Pre-clinical results of KZR-616 in a murine model of polymyositis were presented during ACR Convergence 2020. The results provide a rationale for targeting selective immunoproteasome inhibition for the treatment of polymyositis.

KZR-261: Protein Secretion Program

 

KZR-261, a first-in-class protein secretion inhibitor, targets the Sec61 translocon and has demonstrated broad anti-tumor activity in preclinical models of both solid and hematologic malignancies. Additional preclinical data further detailing the ability of novel small molecule Sec61 inhibitors to target multiple checkpoint proteins on various cell populations, thereby offering the potential of combination therapy in a single compound, are being presented during the 8th Annual Meeting of the International Cytokine & Interferon Society (Cytokines 2020) and the Society for the Immunotherapy of Cancer (SITC) in November 2020.

 

 

An Investigational New Drug (IND) application for KZR-261 is on-track for a planned submission in the first quarter of 2021. The Phase 1 clinical trial will evaluate dose escalation and safety and tolerability in patients with solid tumors to begin shortly after IND acceptance.

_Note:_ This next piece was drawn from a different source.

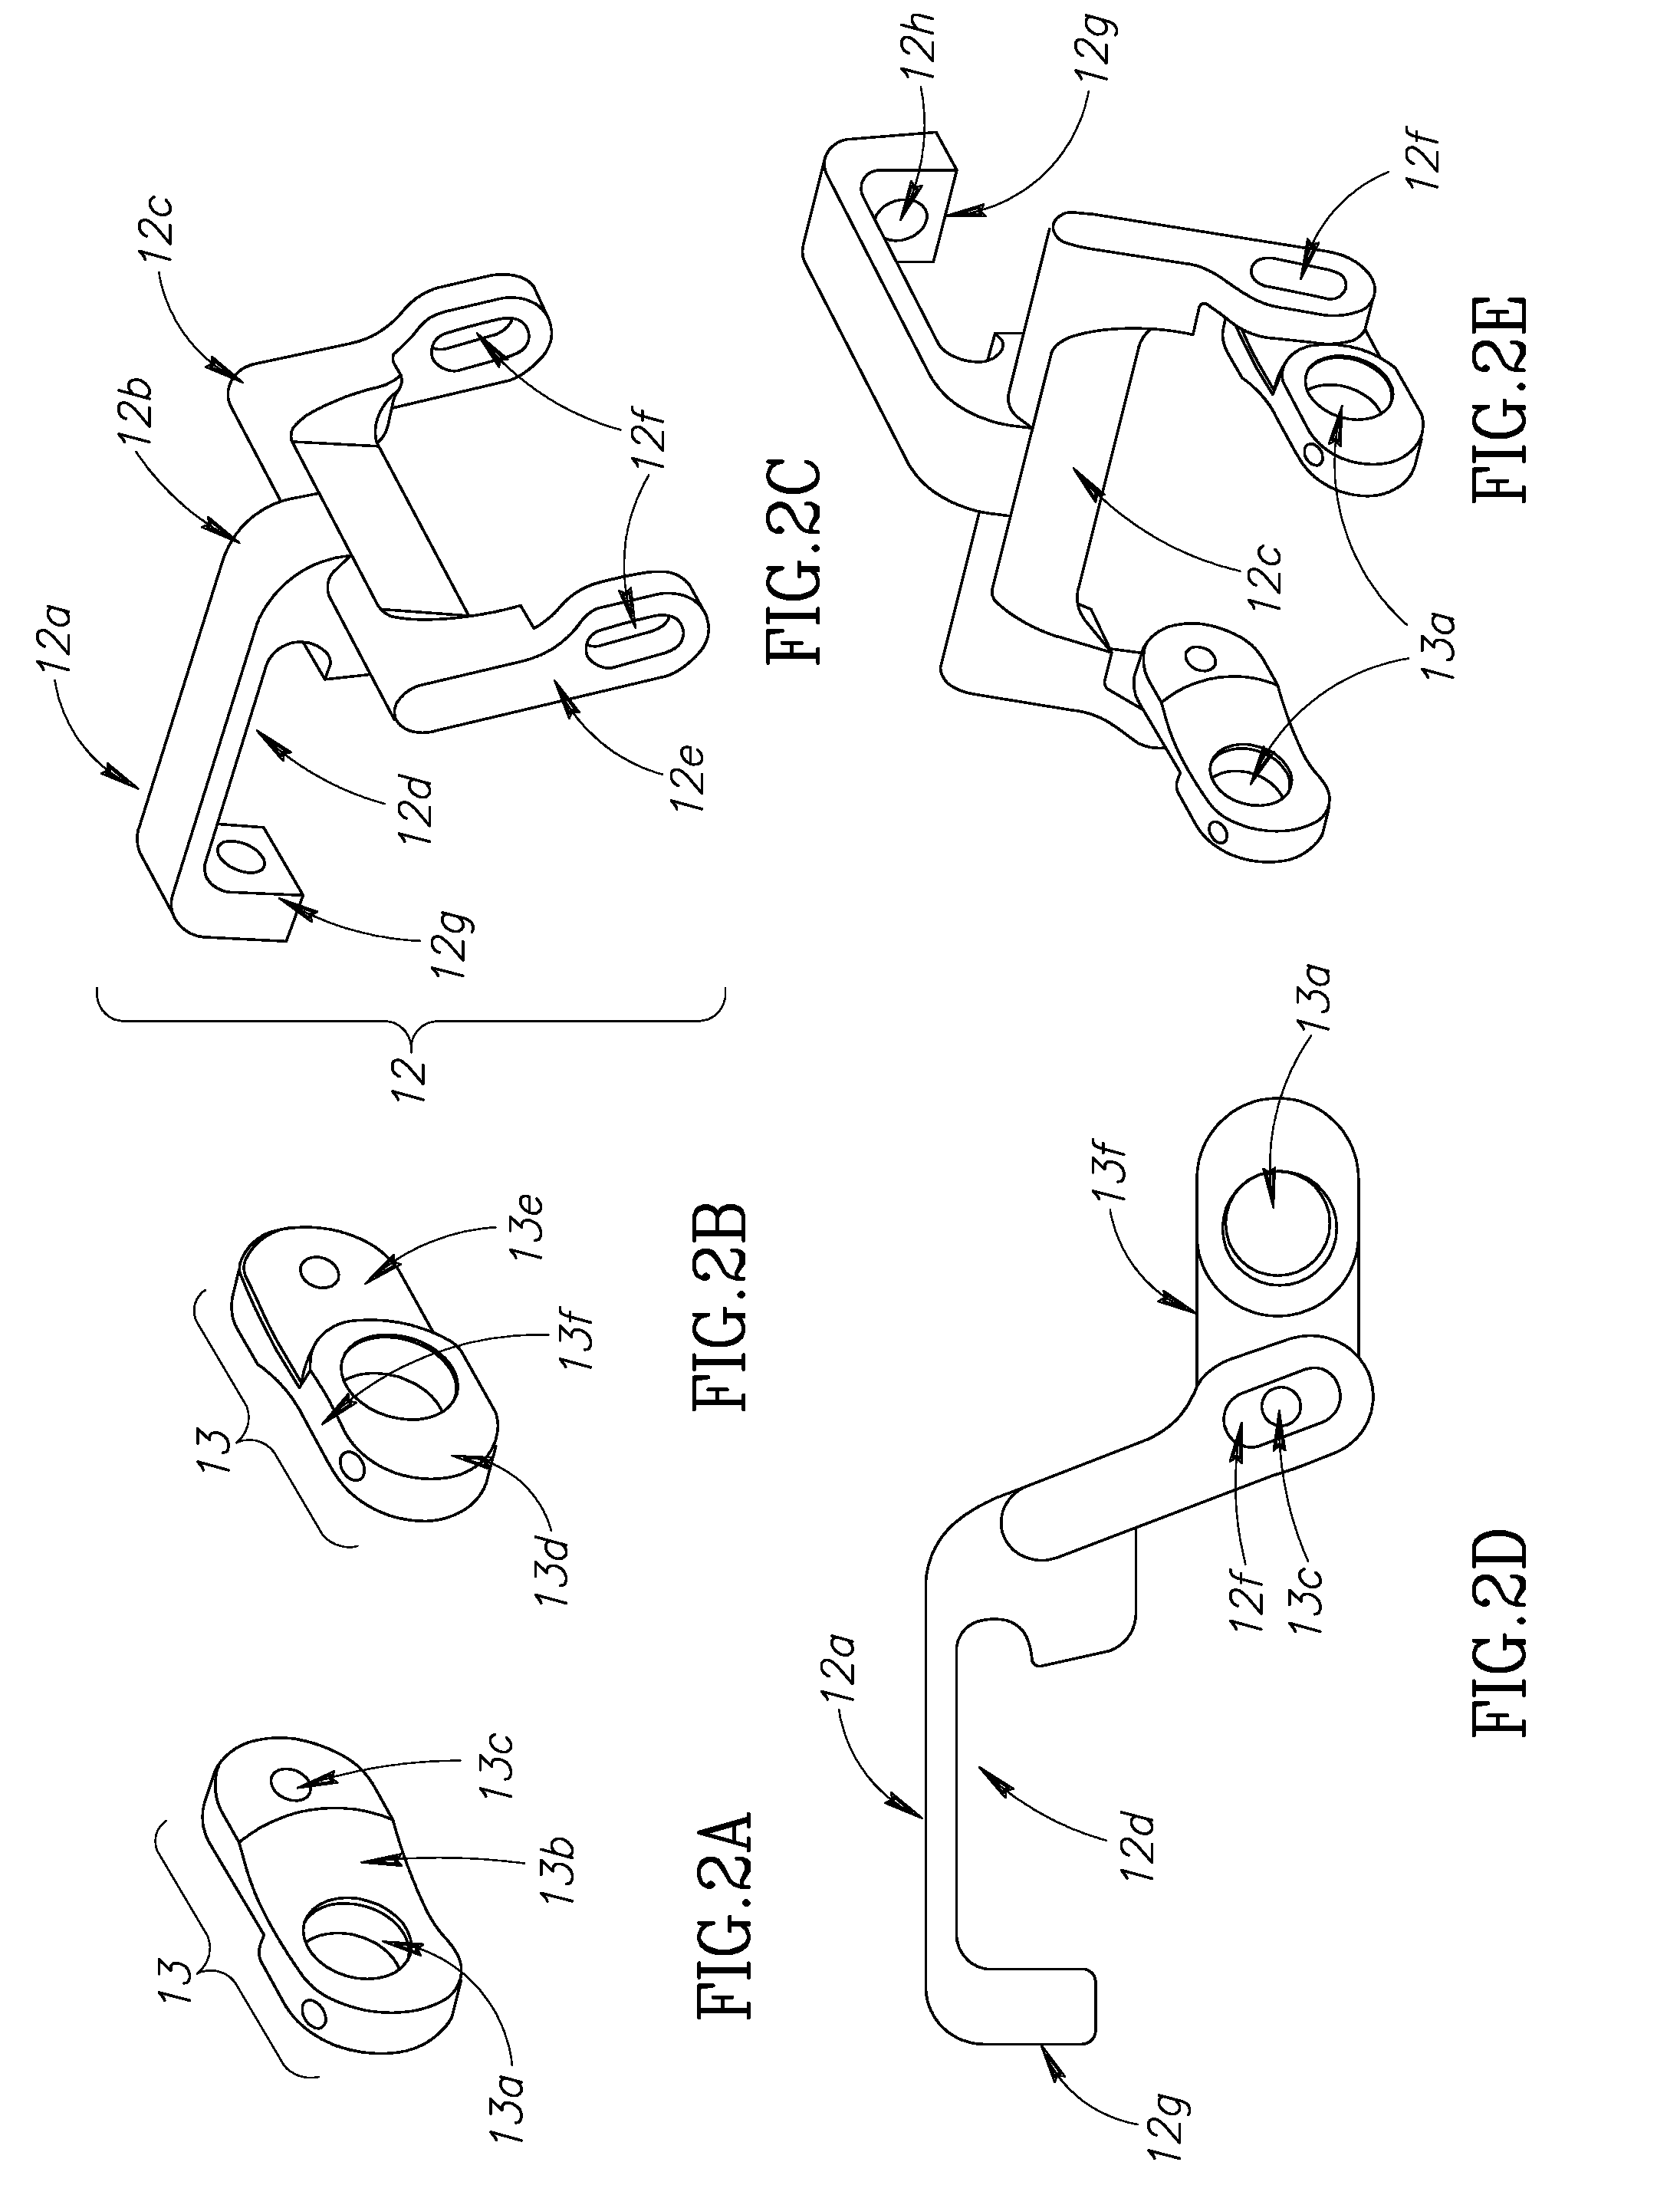 A precision surgical guidance tool system and method for implementing dental implants

Third-Quarter 2020 Financial Results 

 

Cash, cash equivalents and marketable securities totaled $150.0 million as of September 30, 2020, compared to $78.2 million as of December 31, 2019. The increase in cash, cash equivalents and marketable securities was primarily attributable to the net proceeds from Kezar’s underwritten public offerings in February and June 2020, net of cash used by the Company in operations to advance its clinical stage programs and preclinical research and development.

 

Research and development expenses for the third quarter of 2020 increased by $1.2 million to $8.3 million, compared to $7.1 million in the third quarter of 2019. This increase was primarily related to advancing both the KZR-616 clinical program in multiple indications and the protein secretion preclinical program.

 

General and administrative expenses for the third quarter of 2020 increased by $0.7 million to $3.3 million, compared to $2.6 million in the third quarter of 2019. The increase was primarily due to an increase in personnel expenses, including non-cash stock-based compensation, legal and professional fees.


 

Net loss for the third quarter of 2020 was $11.3 million, or $0.23 per basic and diluted common share, compared to a net loss of $9.1 million, or $0.48 per basic and diluted common share, for the third quarter of 2019.

 

Total shares of common stock outstanding were 46.3 million as of September 30, 2020.  Additionally, there were outstanding pre-funded warrants to purchase 3.8 million shares of common stock at an exercise price of $0.001 per share and outstanding options to purchase 4.5 million shares of common stock at a weighted average exercise price of $6.12 per share as of September 30, 2020.

About KZR-616

KZR-616 is a novel, first-in-class, selective immunoproteasome inhibitor with broad therapeutic potential across multiple autoimmune diseases. Preclinical research demonstrates that selective immunoproteasome inhibition results in a broad anti-inflammatory response in animal models of several autoimmune diseases, while avoiding immunosuppression. Data generated from Phase 1a and 1b clinical trials provide evidence that KZR-616 exhibits a favorable safety and tolerability profile for development in severe, chronic autoimmune diseases. Phase 2 trials are underway in severe autoimmune diseases.

About KZR-261

KZR-261, a novel, first-in-class protein secretion inhibitor, is the first clinical candidate to be nominated from Kezar’s research and discovery efforts targeting protein secretion pathways. KZR-261 is a broad-spectrum anti-tumor agent that acts through direct interaction and inhibition of Sec61 activity. The compound was discovered by Kezar through a robust medicinal chemistry campaign in which several scaffolds were progressed through the company’s proprietary platform evaluating Sec61 modulation. As a result, Kezar has established a broad library of protein secretion inhibitors. KZR-261 has demonstrated several encouraging properties that lead to its potential to be an anti-cancer agent for the treatment of solid and hematologic malignancies. IND-enabling activities are currently underway, and an IND submission in solid tumors is expected to be filed in the first quarter of 2021.

About Kezar Life Sciences

Based in South San Francisco, Kezar Life Sciences is combining courage, conviction and cutting-edge science to develop breakthrough treatments for immune-mediated and oncologic disorders. The company is pioneering first-in-class, small-molecule therapies that harness master regulators of cellular function and inhibit multiple drivers of disease via a single target. KZR-616, a first-in-class selective immunoproteasome inhibitor, is being evaluated in severe and underserved autoimmune diseases.  Additionally, KZR-261, the first clinical candidate for the treatment of cancer from the company’s protein secretion program targeting the Sec61 translocon, is undergoing IND-enabling activities. For more information, visit www.kezarlifesciences.com.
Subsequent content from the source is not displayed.